SUPPLIED MATERIAL Start Marker

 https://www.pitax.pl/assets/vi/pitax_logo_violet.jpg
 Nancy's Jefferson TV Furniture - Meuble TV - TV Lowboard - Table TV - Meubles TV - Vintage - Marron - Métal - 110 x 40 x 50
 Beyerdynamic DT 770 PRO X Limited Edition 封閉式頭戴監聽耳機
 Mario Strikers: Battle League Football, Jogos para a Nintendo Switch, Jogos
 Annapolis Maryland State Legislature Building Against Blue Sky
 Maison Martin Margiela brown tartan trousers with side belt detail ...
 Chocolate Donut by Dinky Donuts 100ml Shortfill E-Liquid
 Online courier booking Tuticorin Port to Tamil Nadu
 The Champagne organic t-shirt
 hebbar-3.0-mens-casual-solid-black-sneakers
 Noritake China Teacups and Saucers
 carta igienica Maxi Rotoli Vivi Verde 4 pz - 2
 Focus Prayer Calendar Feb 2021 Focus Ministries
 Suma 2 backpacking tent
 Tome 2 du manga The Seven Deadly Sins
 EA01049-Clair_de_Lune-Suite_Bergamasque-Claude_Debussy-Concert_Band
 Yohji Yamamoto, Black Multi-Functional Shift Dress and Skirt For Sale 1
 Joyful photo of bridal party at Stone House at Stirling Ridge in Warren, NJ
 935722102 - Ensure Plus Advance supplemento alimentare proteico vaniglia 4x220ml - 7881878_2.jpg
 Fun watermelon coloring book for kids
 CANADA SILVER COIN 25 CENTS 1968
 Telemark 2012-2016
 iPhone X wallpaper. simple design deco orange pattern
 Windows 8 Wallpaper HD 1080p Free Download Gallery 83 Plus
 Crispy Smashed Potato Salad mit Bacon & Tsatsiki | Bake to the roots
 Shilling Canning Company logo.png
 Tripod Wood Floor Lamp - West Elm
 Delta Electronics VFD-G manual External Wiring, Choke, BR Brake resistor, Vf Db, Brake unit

SUPPLIED MATERIAL End Marker

In the data above, find the line with "Mario Strikers: Battle" and the line with "Online courier booking". Retype both, plus every line between them, exactly.

 Mario Strikers: Battle League Football, Jogos para a Nintendo Switch, Jogos
 Annapolis Maryland State Legislature Building Against Blue Sky
 Maison Martin Margiela brown tartan trousers with side belt detail ...
 Chocolate Donut by Dinky Donuts 100ml Shortfill E-Liquid
 Online courier booking Tuticorin Port to Tamil Nadu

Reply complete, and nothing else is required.